Write out exactly the lines from the start of the entries through the one that contains "1992 Volkswagen Polo", including both.

* Records for the task *
####

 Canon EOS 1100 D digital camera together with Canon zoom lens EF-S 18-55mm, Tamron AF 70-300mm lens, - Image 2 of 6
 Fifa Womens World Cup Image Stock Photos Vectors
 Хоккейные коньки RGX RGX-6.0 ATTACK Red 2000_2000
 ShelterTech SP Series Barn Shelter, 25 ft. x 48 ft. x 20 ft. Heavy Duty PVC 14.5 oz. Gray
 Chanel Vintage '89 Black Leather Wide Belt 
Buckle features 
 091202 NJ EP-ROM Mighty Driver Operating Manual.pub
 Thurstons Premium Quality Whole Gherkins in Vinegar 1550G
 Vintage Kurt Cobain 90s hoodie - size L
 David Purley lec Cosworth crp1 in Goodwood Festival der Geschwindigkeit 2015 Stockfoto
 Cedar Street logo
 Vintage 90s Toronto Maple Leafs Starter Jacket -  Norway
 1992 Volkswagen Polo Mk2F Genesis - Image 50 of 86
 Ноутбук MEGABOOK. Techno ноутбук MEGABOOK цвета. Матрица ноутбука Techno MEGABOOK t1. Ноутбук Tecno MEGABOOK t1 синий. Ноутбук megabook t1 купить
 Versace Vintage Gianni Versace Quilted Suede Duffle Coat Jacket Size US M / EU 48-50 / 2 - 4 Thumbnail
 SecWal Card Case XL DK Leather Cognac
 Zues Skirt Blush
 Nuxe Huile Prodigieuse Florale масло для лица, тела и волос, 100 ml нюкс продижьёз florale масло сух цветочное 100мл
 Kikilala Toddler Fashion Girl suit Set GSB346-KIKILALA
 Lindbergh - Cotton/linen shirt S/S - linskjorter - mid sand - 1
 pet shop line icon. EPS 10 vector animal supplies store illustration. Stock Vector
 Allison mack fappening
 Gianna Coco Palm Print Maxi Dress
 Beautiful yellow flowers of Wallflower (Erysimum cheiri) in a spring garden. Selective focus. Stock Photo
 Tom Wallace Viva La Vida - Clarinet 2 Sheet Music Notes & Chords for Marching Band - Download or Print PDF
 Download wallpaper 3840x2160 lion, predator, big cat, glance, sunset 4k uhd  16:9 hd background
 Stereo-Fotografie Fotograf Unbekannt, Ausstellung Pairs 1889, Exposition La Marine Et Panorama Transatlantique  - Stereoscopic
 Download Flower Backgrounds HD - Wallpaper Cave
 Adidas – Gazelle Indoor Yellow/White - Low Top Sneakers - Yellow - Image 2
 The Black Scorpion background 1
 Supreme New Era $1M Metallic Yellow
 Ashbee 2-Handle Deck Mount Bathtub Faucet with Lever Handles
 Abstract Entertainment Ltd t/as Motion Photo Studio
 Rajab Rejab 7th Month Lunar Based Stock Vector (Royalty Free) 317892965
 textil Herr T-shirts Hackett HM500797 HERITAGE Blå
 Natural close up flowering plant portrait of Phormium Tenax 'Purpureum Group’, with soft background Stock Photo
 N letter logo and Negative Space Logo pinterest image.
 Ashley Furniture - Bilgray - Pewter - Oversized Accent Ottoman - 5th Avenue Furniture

####

* Written response *
 Canon EOS 1100 D digital camera together with Canon zoom lens EF-S 18-55mm, Tamron AF 70-300mm lens, - Image 2 of 6
 Fifa Womens World Cup Image Stock Photos Vectors
 Хоккейные коньки RGX RGX-6.0 ATTACK Red 2000_2000
 ShelterTech SP Series Barn Shelter, 25 ft. x 48 ft. x 20 ft. Heavy Duty PVC 14.5 oz. Gray
 Chanel Vintage '89 Black Leather Wide Belt 
Buckle features 
 091202 NJ EP-ROM Mighty Driver Operating Manual.pub
 Thurstons Premium Quality Whole Gherkins in Vinegar 1550G
 Vintage Kurt Cobain 90s hoodie - size L
 David Purley lec Cosworth crp1 in Goodwood Festival der Geschwindigkeit 2015 Stockfoto
 Cedar Street logo
 Vintage 90s Toronto Maple Leafs Starter Jacket -  Norway
 1992 Volkswagen Polo Mk2F Genesis - Image 50 of 86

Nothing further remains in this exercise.